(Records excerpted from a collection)
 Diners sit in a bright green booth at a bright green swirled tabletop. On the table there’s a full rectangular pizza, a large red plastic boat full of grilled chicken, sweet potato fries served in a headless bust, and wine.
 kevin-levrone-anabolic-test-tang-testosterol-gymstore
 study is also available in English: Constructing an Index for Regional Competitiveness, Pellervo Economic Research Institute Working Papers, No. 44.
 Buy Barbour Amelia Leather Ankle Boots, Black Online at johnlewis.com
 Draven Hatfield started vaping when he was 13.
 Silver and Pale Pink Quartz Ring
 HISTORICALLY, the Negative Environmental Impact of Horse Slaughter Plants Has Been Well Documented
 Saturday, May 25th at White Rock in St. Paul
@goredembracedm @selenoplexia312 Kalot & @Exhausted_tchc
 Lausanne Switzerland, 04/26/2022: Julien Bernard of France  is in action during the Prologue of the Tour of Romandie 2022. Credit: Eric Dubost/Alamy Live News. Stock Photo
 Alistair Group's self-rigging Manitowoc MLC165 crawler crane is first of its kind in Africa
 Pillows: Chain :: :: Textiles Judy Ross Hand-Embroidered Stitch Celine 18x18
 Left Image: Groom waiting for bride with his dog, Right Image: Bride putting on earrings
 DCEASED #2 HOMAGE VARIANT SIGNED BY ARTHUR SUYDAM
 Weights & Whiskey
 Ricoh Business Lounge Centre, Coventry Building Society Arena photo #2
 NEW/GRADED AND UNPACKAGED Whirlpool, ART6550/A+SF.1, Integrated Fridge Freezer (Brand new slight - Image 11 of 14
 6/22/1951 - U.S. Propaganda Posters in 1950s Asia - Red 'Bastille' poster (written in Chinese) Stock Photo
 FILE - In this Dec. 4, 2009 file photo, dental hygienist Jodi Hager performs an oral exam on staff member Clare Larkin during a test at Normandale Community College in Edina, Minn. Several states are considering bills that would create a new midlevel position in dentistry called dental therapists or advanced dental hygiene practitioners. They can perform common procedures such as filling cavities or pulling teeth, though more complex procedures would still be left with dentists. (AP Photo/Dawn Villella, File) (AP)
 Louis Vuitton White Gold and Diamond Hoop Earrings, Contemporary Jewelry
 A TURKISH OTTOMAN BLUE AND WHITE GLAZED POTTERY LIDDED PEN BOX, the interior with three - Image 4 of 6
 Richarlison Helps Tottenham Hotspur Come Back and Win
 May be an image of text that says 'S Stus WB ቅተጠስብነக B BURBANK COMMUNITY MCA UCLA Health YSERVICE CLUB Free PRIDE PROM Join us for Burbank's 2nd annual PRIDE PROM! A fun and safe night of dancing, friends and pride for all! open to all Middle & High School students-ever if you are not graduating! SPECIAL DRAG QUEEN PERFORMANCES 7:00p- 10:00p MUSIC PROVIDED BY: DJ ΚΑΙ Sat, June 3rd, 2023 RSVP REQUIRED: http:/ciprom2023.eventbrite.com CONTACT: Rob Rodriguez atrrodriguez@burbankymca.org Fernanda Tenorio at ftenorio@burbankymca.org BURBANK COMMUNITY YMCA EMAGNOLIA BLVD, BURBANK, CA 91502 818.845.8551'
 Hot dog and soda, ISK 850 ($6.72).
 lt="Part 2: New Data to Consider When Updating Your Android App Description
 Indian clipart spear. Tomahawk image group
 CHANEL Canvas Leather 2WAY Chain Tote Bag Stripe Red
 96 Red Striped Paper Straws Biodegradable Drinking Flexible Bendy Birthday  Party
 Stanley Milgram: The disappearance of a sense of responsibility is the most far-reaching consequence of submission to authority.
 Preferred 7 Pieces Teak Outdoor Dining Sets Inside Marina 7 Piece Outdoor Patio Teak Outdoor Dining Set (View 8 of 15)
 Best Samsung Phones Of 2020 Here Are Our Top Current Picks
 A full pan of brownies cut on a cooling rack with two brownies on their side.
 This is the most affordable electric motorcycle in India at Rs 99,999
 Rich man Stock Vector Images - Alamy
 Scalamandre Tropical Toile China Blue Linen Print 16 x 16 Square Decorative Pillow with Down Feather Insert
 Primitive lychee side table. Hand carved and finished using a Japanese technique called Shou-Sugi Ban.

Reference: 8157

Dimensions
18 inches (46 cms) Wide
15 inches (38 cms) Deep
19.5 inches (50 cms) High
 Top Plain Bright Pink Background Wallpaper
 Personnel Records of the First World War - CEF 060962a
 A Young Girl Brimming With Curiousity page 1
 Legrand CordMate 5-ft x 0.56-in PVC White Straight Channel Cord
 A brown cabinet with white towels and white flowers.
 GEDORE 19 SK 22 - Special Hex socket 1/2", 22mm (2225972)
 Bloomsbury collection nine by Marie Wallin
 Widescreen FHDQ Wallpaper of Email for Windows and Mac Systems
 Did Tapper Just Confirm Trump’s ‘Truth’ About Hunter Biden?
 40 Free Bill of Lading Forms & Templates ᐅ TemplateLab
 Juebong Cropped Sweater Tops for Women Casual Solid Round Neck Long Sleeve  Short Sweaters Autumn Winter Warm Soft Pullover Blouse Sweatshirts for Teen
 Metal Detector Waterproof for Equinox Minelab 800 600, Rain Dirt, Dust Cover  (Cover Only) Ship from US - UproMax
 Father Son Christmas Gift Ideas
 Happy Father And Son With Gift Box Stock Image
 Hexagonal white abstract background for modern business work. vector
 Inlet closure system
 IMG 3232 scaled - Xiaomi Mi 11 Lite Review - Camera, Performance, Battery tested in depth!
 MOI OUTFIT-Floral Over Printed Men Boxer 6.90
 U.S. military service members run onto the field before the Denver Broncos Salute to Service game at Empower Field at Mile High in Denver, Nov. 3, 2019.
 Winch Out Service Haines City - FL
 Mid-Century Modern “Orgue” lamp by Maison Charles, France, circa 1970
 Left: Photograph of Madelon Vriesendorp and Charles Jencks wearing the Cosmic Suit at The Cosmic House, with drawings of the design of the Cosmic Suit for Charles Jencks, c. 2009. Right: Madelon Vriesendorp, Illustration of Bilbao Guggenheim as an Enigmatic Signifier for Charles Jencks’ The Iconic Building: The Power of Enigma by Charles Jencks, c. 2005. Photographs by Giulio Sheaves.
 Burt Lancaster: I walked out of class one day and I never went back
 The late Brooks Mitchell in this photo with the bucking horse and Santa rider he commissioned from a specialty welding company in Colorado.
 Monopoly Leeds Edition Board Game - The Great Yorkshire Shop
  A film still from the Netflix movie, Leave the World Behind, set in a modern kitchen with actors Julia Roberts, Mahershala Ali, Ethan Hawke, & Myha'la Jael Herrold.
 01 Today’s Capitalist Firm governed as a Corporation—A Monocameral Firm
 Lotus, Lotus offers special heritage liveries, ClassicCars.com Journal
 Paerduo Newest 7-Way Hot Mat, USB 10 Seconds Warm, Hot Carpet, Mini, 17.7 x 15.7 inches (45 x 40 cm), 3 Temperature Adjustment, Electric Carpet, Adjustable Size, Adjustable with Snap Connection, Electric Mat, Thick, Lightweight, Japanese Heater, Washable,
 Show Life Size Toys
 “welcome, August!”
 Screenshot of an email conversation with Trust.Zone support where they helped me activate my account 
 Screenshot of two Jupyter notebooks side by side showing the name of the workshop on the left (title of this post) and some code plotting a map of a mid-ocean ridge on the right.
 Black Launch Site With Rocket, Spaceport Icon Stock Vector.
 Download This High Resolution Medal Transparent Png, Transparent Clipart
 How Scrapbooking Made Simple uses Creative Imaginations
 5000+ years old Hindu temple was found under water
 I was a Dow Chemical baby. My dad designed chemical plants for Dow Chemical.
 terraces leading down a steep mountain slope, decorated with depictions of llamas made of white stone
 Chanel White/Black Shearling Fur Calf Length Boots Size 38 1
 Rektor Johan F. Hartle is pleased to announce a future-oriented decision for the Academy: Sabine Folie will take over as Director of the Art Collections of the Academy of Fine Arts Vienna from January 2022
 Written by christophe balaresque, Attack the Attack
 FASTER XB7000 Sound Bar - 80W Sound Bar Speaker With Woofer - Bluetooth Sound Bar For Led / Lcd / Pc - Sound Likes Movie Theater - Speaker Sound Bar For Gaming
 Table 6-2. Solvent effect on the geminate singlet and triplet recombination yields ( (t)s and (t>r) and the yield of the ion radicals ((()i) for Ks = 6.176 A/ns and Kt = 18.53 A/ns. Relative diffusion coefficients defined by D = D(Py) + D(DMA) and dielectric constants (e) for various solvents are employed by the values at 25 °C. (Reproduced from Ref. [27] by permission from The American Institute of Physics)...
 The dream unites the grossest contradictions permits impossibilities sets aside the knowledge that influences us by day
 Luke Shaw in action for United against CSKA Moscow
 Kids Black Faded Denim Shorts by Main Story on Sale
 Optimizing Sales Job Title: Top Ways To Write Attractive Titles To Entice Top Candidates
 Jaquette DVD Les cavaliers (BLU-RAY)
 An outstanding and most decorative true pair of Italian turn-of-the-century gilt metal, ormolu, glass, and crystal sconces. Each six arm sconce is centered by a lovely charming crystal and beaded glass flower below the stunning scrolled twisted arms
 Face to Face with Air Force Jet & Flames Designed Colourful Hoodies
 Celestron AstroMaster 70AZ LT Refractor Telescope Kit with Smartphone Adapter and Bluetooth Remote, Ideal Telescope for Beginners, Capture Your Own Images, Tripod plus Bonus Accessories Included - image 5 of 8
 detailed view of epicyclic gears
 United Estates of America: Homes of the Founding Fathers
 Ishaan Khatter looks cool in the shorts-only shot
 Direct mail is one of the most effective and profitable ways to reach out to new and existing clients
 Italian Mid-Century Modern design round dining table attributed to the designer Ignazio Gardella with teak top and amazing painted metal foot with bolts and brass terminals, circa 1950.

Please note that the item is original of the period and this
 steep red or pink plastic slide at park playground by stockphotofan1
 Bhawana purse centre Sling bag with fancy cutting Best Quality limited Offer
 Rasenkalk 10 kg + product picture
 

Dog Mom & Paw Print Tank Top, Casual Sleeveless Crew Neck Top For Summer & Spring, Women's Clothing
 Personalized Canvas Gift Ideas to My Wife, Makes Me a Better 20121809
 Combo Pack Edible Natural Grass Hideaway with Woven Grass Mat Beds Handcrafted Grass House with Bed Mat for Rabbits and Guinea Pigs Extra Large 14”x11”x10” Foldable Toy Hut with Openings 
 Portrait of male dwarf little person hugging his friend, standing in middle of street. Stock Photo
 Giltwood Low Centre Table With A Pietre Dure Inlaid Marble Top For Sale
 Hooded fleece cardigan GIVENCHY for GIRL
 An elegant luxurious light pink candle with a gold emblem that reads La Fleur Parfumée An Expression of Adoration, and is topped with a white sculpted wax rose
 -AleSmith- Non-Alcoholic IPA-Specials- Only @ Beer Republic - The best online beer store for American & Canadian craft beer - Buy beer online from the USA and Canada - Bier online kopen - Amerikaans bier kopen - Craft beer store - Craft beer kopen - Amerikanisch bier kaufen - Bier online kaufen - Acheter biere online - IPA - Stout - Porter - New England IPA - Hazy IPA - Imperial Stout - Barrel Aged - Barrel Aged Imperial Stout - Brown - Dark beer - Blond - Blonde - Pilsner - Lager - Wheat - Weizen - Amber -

Task item: Would you print, exactly as written, every line above from the one holding "Widescreen FHDQ Wallpaper" through the one holding "40 Free Bill", with both included and no other lines?

Response:
 Widescreen FHDQ Wallpaper of Email for Windows and Mac Systems
 Did Tapper Just Confirm Trump’s ‘Truth’ About Hunter Biden?
 40 Free Bill of Lading Forms & Templates ᐅ TemplateLab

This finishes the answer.